II.   Issue of Exercise of a Power of Appointment: Whether it’s possible for a donee to exercise a power of
      appointment through the residuary clause of the donee’s will. Stated differently, if the donee’s will doesn’t
      specifically mention a testamentary power of appointment, does the will’s residuary clause mean that the
      donee exercised the power in favor of the residuary beneficiary?
      A. Facts of Exercise of a Power of Appointment.
          1. See Beals v. State Street Bank & Trust Co. (Mass. 1975).
      B. The Law of Exercise of a Power of Appointment. In Beals v. State Street Bank & Trust Co. (Mass.
          1975), the court held that the residuary clause is presumed to have exercised a general power of
          appointment. The court distinguished the treatment of a general power from the treatment of a special
          power. Specifically, the court reasoned that laypersons would probably not distinguish between a general
          power of appointment and outright ownership so neither should the court.

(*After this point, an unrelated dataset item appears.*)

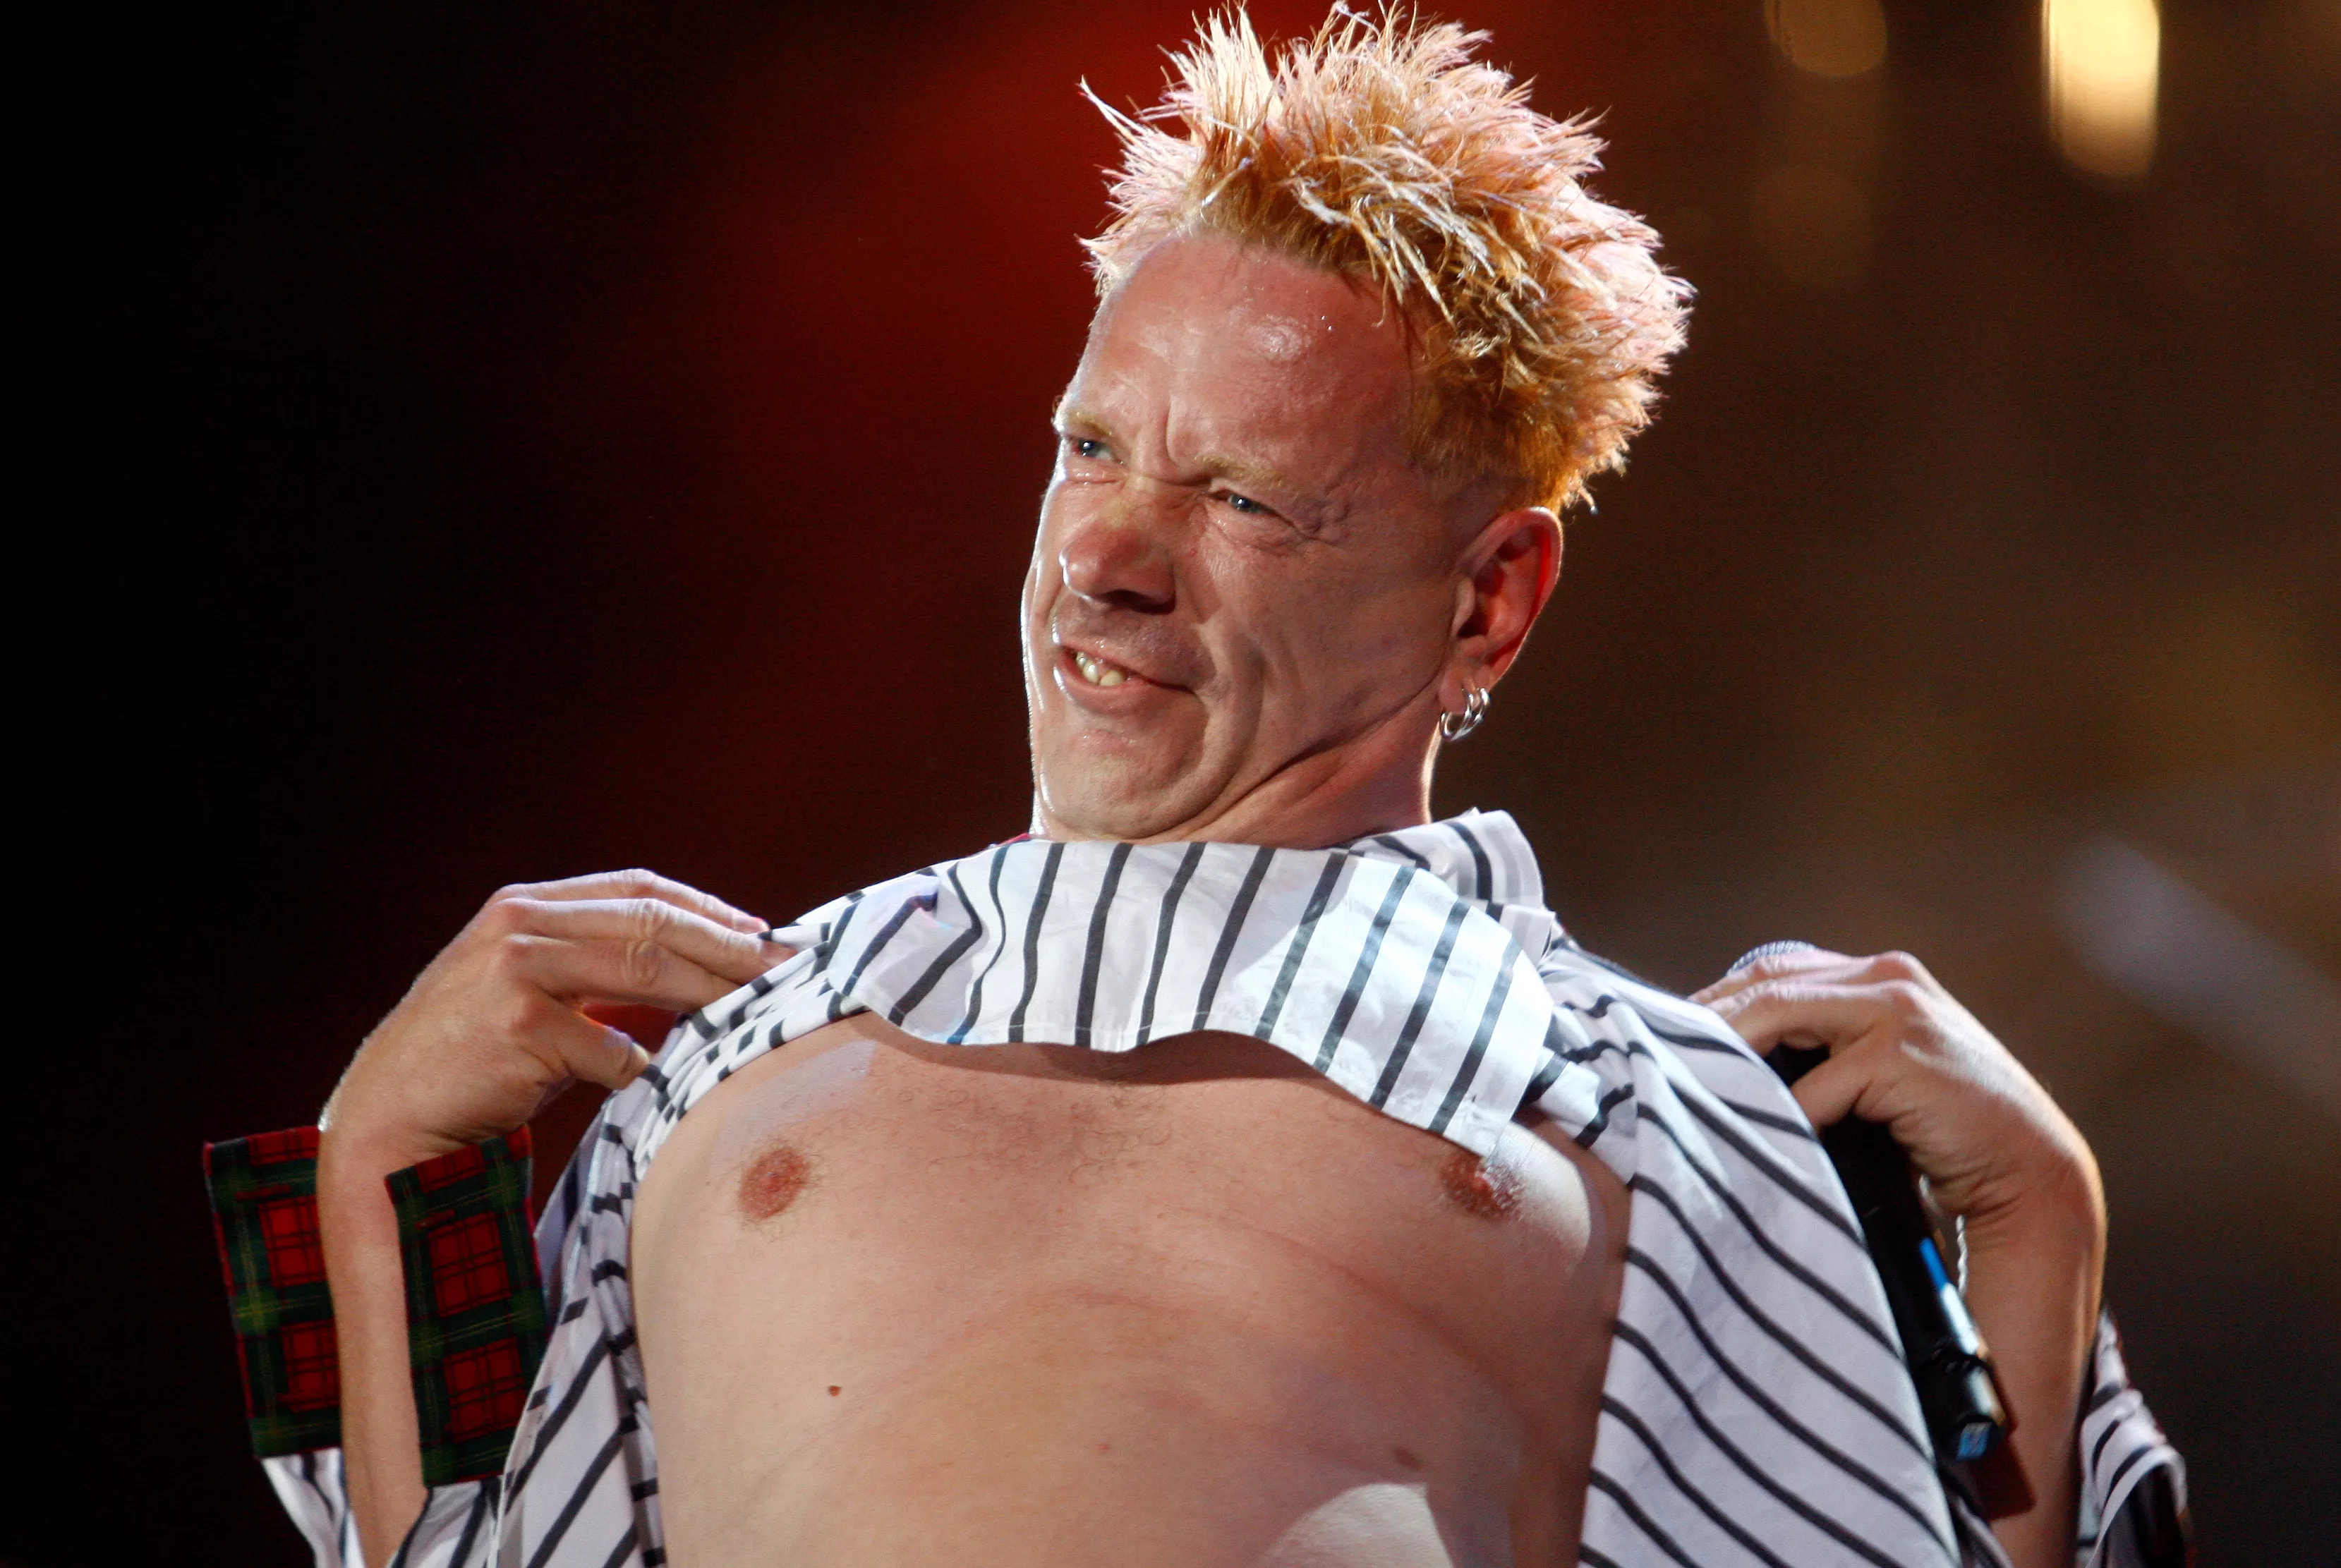 Sex Pistols-vokalisten til Eurovision?

See Beals. Thus, if the donee
          failed to specifically exercise a general testamentary power of appointment in the dispositive portions of
          the donee’s will, we presume the donee exercised that power in favor of the residuary beneficiary through
          the residuary clause. However, if the donee failed to specifically exercise a special testamentary power of
          appointment, we will not indulge that presumption. Instead, the property goes to the takers in default of
          appointment as specified by the donor.
          1. Choice of Law. “[T]he law of the donee’s domicile governs whether the donee has effectively
               exercised a power of appointment.” RESTATEMENT (THIRD) OF PROP.: DONATIVE TRANSFERS § 19.1.

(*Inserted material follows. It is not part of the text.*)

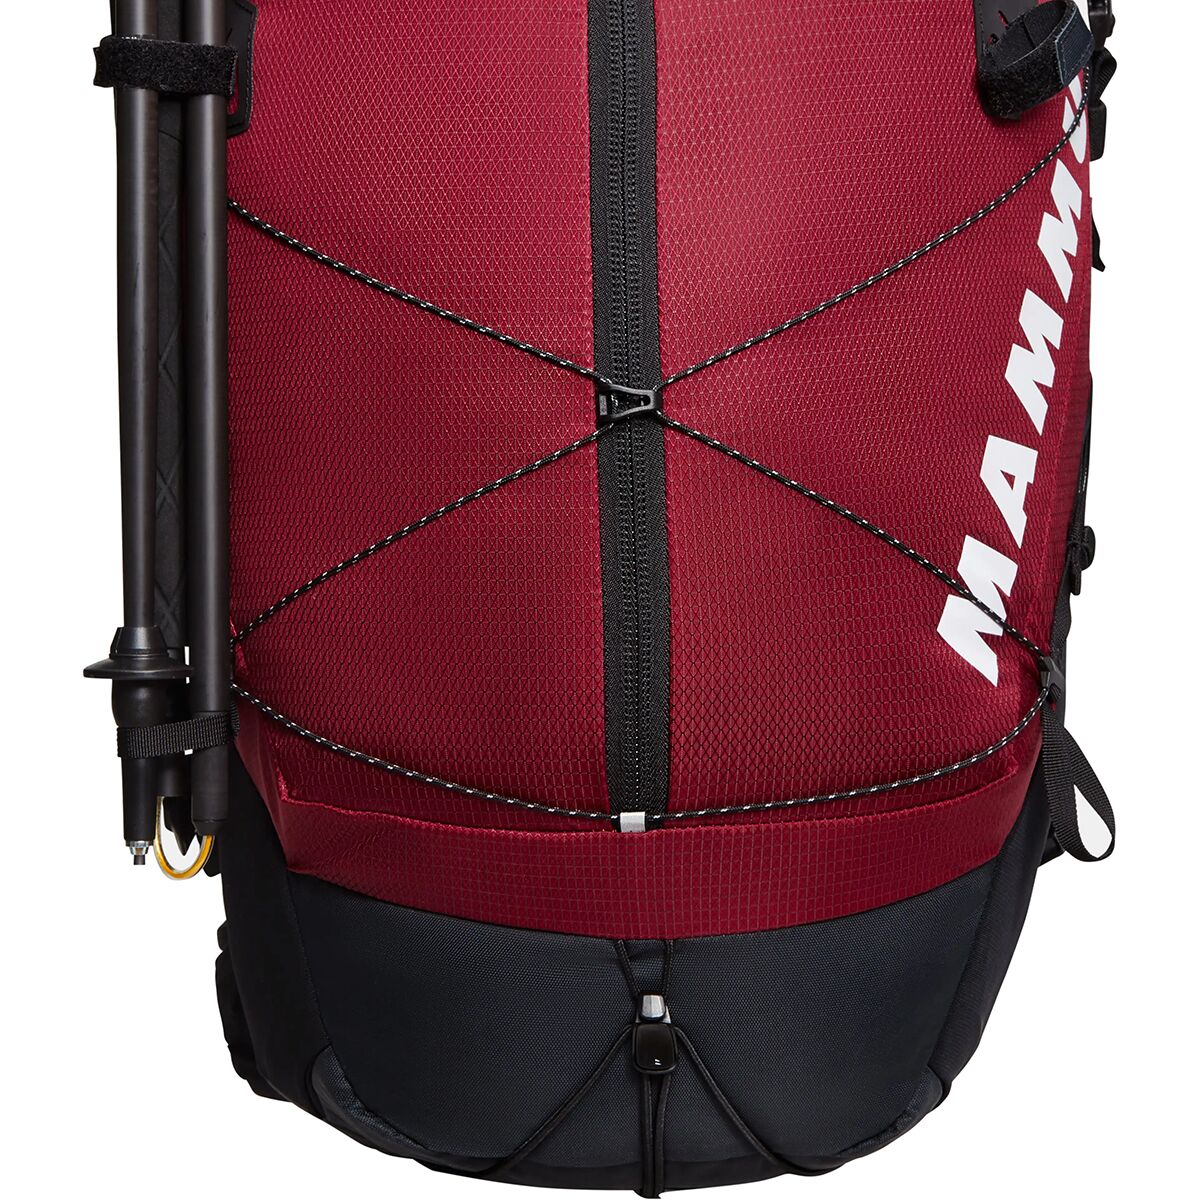 Ducan Spine 28-35L Backpack - Women's

      C. California Law of Exercise of a Power of Appointment. As a general rule, if the instrument creating a
          power of appointment has specific requirements for the exercise of that power, then the power must be
          exercised in compliance with those requirements. See CAL. PROB. CODE § 630. However, courts may
          excuse compliance from the formal requirements if two requirements are satisfied. First, the appointment
          must approximate the manner prescribed. Second, the failure must not defeat the accomplishment of a
          significant purpose. See CAL. PROB. CODE § 631. Consider where the donor gave a testamentary power of
          appointment to the donee. Allowing the donee to exercise that power through an inter vivos instrument
          would arguably violate the second requirement. You give someone a testamentary power to ensure that
          others are nice to them until death and to encourage more deliberation. These could well be a significant
          purpose of the donor. If the creating instrument requires a specific reference, then the instrument
          purporting the exercise the power must specifically reference the power. See CAL. PROB. CODE § 632.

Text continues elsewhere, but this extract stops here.